CCI Charlson comorbidity index, COPD chronic obstructive pulmonary disease, CRS chronic rhinosinusitis, DBP diastolic blood pressure, GERD gastro-esophageal reflux disease, NSAID non-steroidal anti-inflammatory drug, PPI proton pump inhibitor, SBP systolic blood pressure.

*Conditional logistic regression model, Significance at P < 0.05.

†Models stratified by age, sex, income, and residence region.

‡Model 1 was adjusted for total cholesterol, SBP, DBP, and fasting blood glucose.

§Model 2 was adjusted for all variables in model 1 plus obesity, smoking, alcohol consumption, CCI score, asthma, and COPD.

‖Model 3 was adjusted for all variables in model 2 plus the number of GERD treatments, steroid/NSAID/H2 blocker prescription duration.

As presented in Table 3, PPI prescription was associated with the risk of CRSsNP with a significant increase in the aOR in current PPI users (aOR 2.07; 95% CI 1.68–2.54; P < 0.001), past PPI use (aOR 1.50; 95% CI 1.33–1.71, P < 0.001), PPI prescription ≥ 90 days (aOR 1.48; 95% CI 1.13–1.94, P = 0.004, Table 3), 30–89 days (aOR 1.85; 95% CI 1.54–2.22, P < 0.001), < 30 days (aOR 1.54; 95% CI 1.33–1.77, P < 0.001), and first generation PPI prescription duration (aOR 3.72; 95% CI 2.20–6.29, P < 0.001). The aORs of CRSwNP were not associated with PPI prescription history or prescription duration.

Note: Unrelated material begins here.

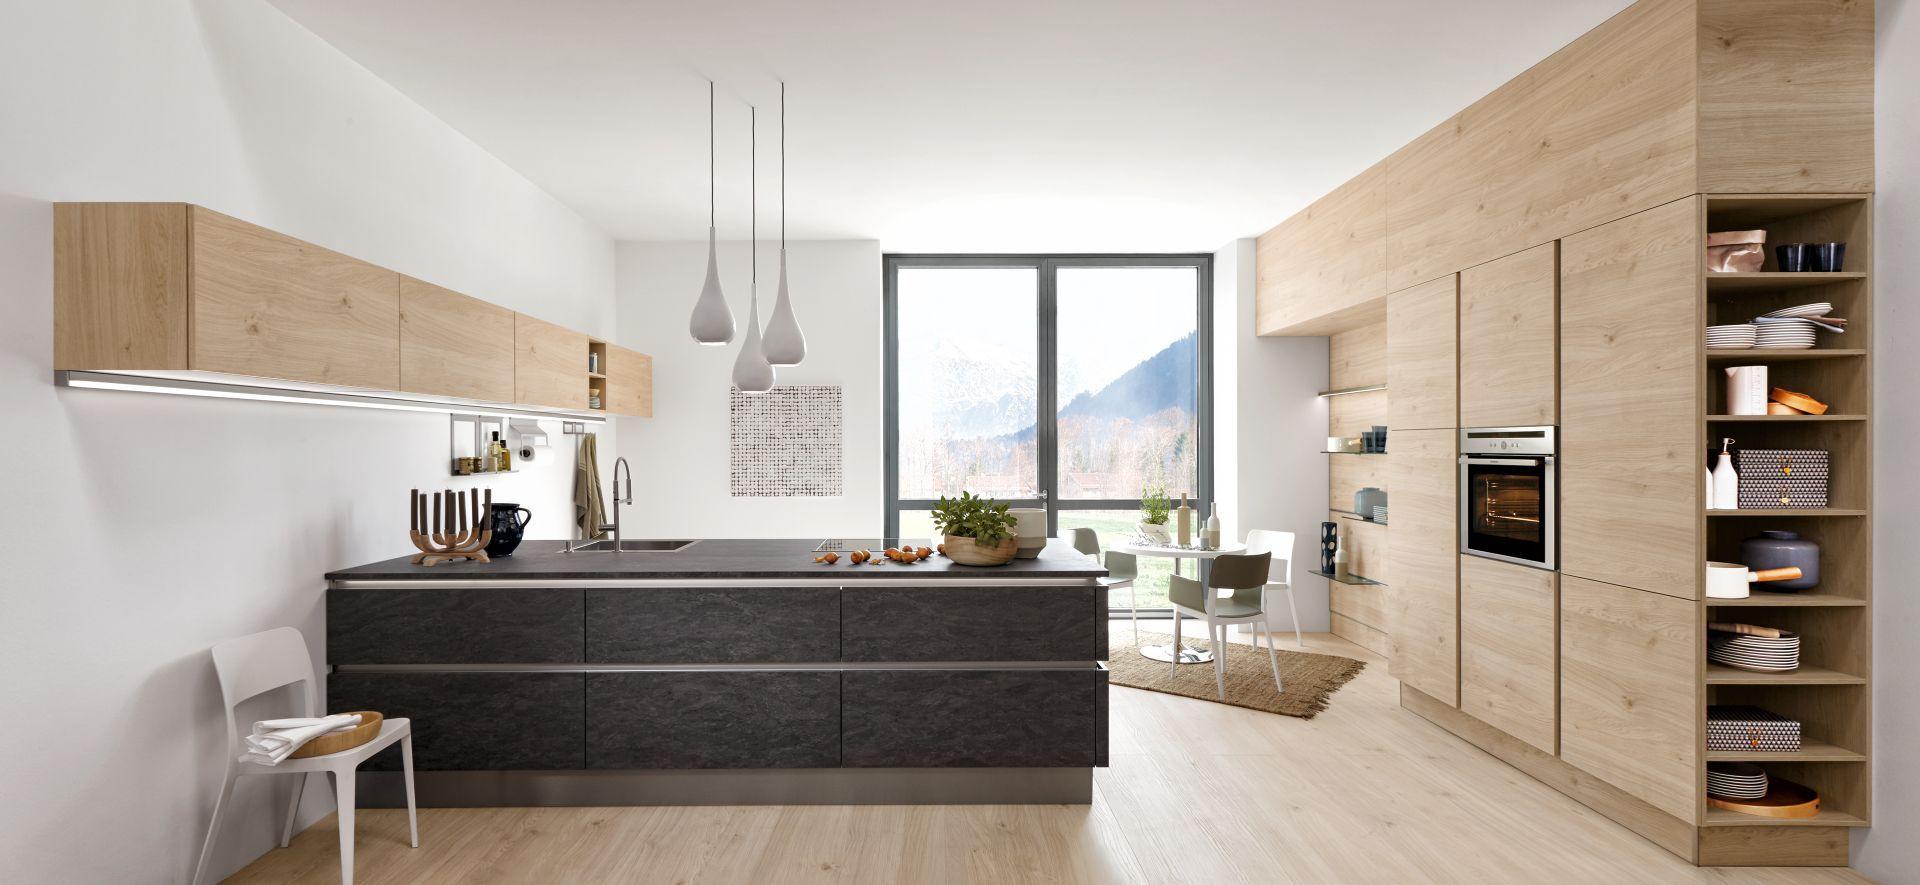 Moderne Inselküche Artwood Asteiche Natur und Stone Basalt mit ...

The subgroup analysis for each factor showed consistent results, with a common significant association between current PPI use / first generation PPI prescription duration and the aORs > 1 for CRS (Supplementary Tables S1–S5).

Discussion

We presented a study of the association between PPI use and the subsequent occurrence of CRS. We have demonstrated that the aOR for CRSsNP was higher in current and past PPI users than in the matched control group. These results were consistent in the subgroup analysis after adjusting for age, sex, comorbidities such as GERD, and medications. Irrespective of its duration, PPI use was associated with an increased OR for CRS.

Evaluating whether PPI use affected the CRS risk is important because of the generalized use of PPI in CRS treatment, and long-term PPI treatment has been reported harmful to various health conditions. Long-term PPI use could increase the risk of serious side effects, including serious infections (pneumonia, intestinal infections), micronutrient deficiencies, kidney disease, osteoporosis, acid rebound after discontinuation of treatment, and cardiovascular disease[26-29]. Further to the previously reported adverse effects on health, we demonstrated in this study that PPI use was associated with an increase in the OR for CRS.

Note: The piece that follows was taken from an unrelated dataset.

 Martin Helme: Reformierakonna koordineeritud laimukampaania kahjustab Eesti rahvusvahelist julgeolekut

This study started from the widespread use of PPIs and their anti-inflammatory effects. Contrary to actual estimates, CRS increased with PPI use, the rationale of which is unclear.

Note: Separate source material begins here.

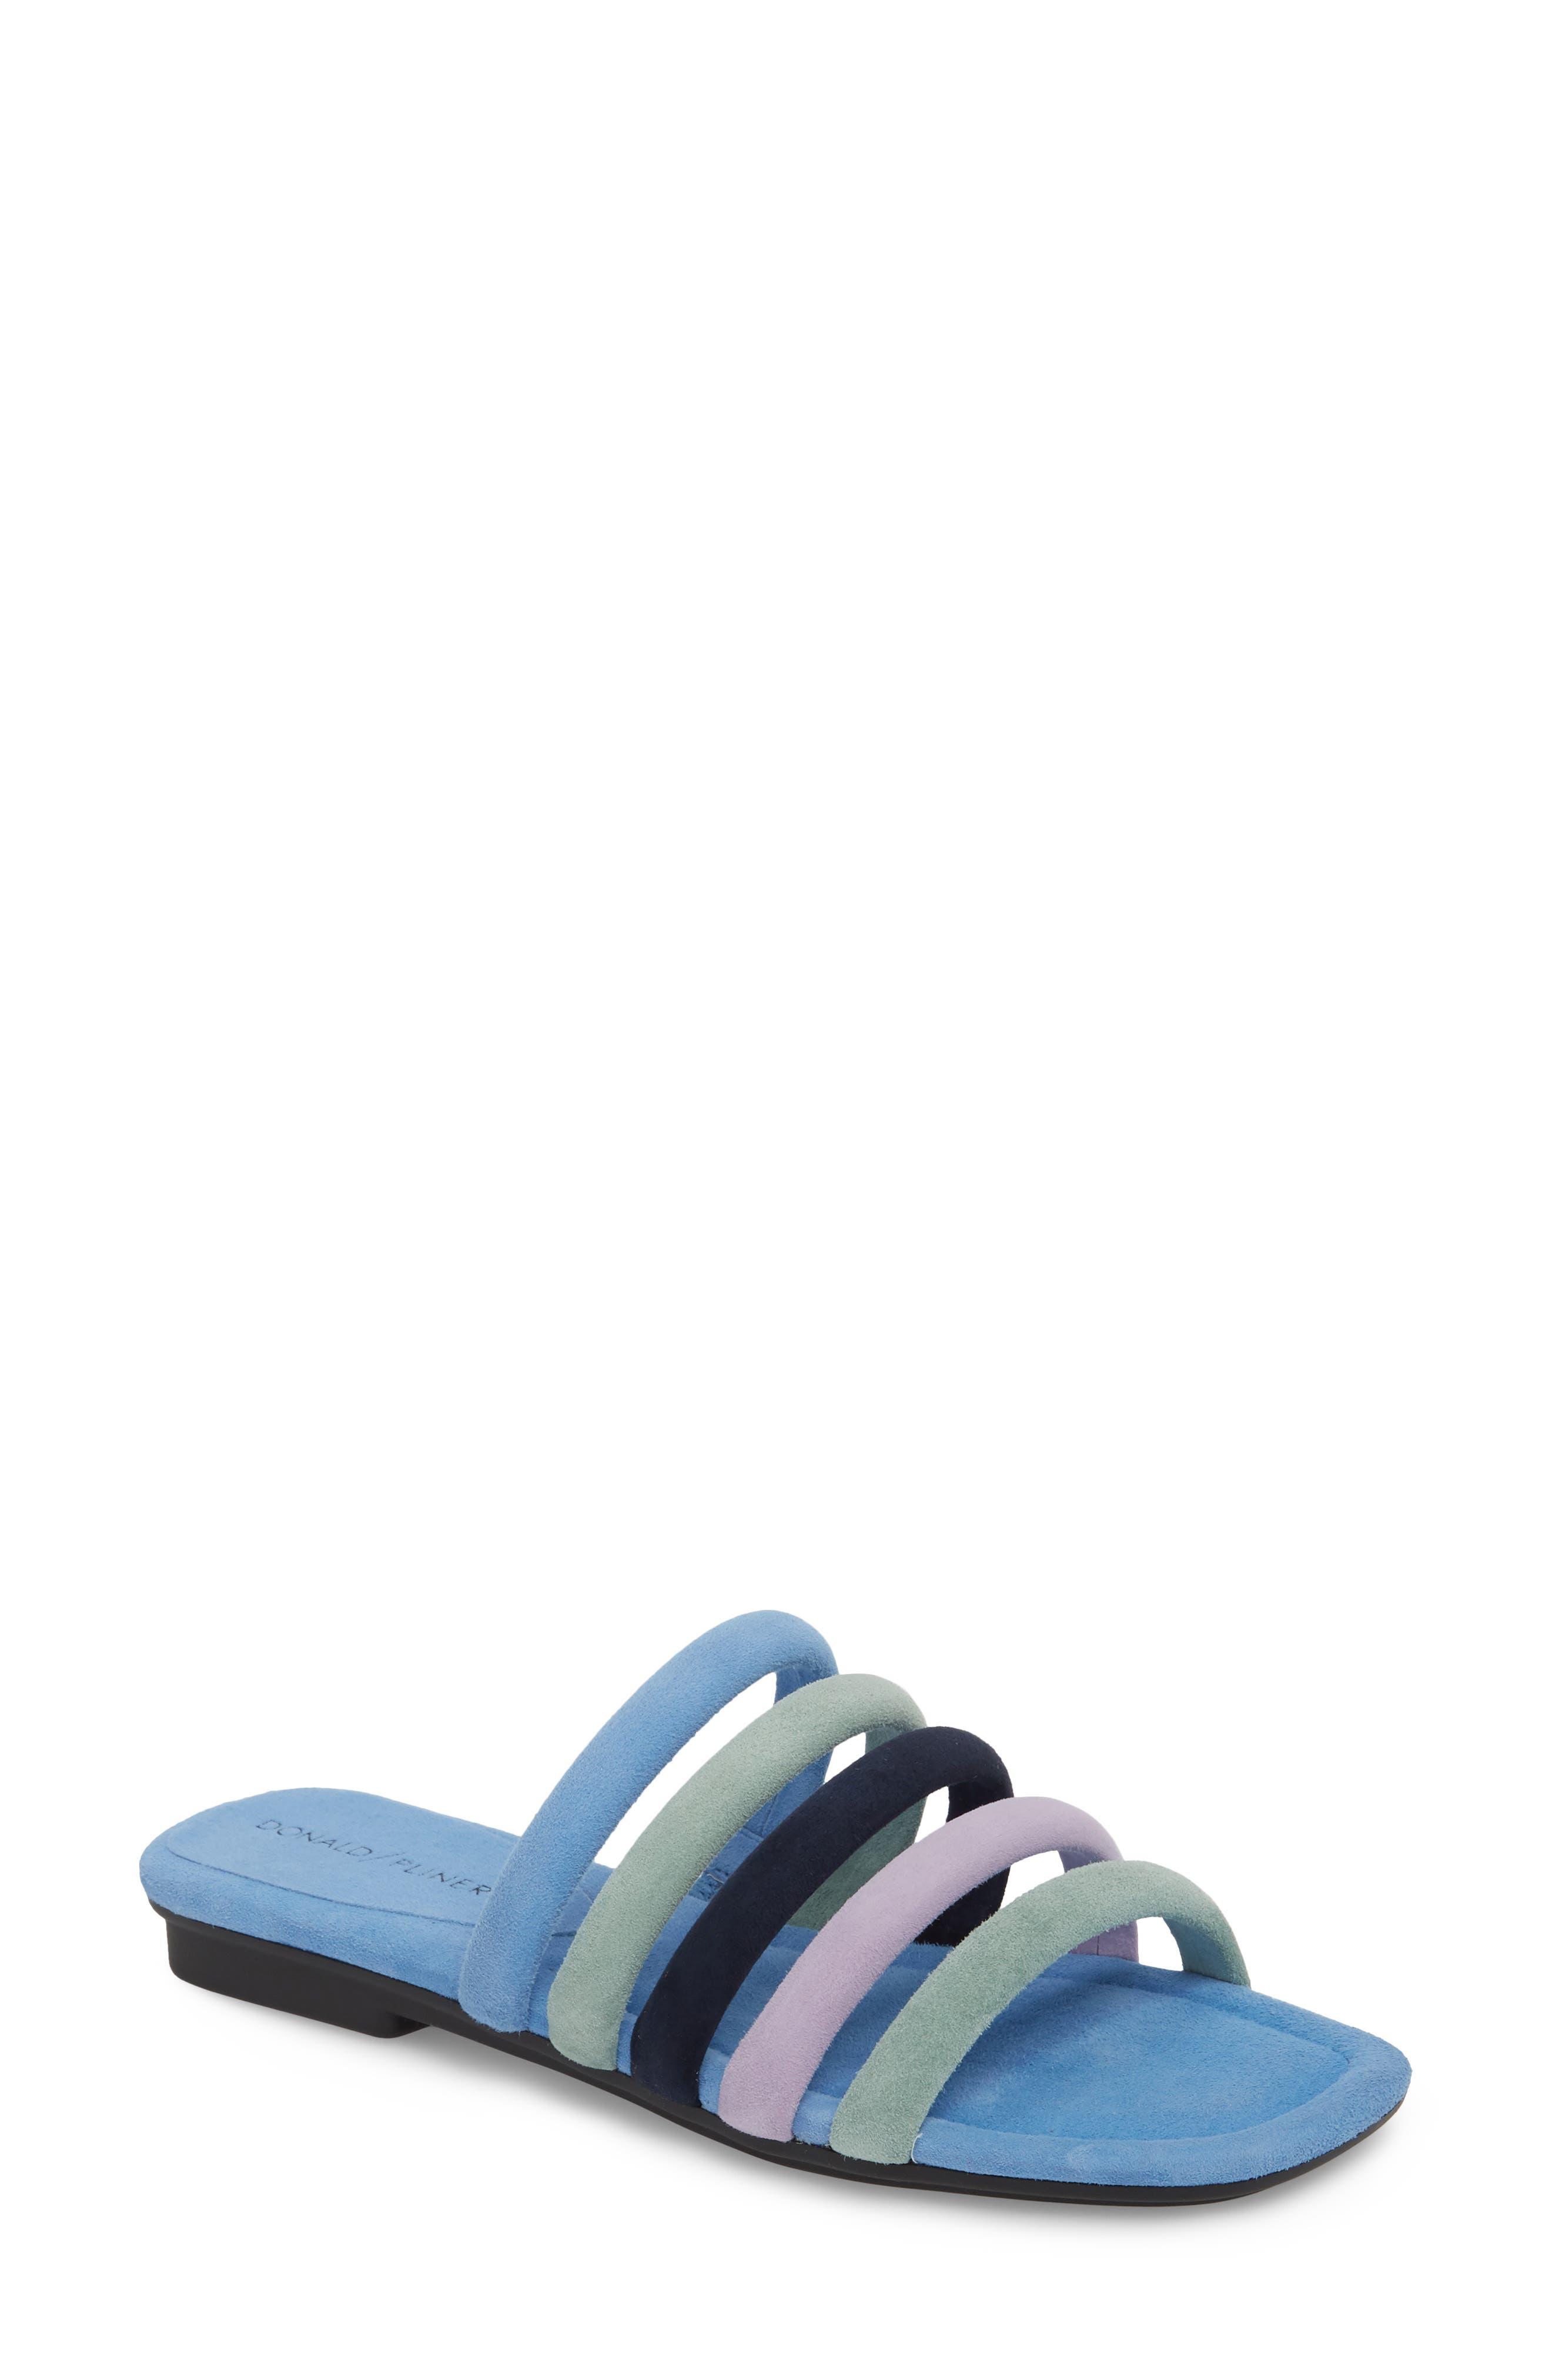 Kip Slide Sandal,                         Main,                         color, Sage/ Blue Leather

An increase in infections due to the suppression of gastric acid secretion has been investigated in intestinal infectious diseases, reporting an increased risk for infection during long-term PPI use. Studies showed a twofold increase in the risk for spontaneous bacterial peritonitis in association with PPI use[30]. Systematic reviews showed that PPI use was associated with enteral bacterial infection and intestinal bacterial overgrowth[31-33]. In a meta-analysis of enteric infections associated with PPI use in over 10,000 patients, a pooled OR of 3.33 was reported[32]. In a more recent randomized controlled trial, the enteric infection rate was significantly increased in participants treated with pantoprazole (1.4% vs 1.0% in the placebo group; OR 1.33; 95% CI 1.01–1.75)[34]. Adjusted relative risks reported for Salmonella in two studies were 4.2–8.3[31]. The adjusted relative risk ranges for Campylobacter and Clostridium difficile infections with PPI use were 3.5–11.7 (4 studies) and 1.2–5.0 (17/ 27 studies)[31]. Studies reported that enteric viral infection increased in PPI users[35]. Moreover, a recent study found that PPI use was related to COVID-19 positivity in a dose-dependent relationship, with an aOR of 3.67 for PPI use twice daily and 2.15 for use up to once daily[36]. More surprisingly, PPI might affect the oropharyngeal microbiome, which increases the risk for pneumonia[37]. Some observational studies reported the PPIs were associated with increased risk for community-acquired pneumonia[38]. Although investigated in an in vitro study, PPI inhibited the function of neutrophils, which could further increase the risk of bacterial pneumonia[39].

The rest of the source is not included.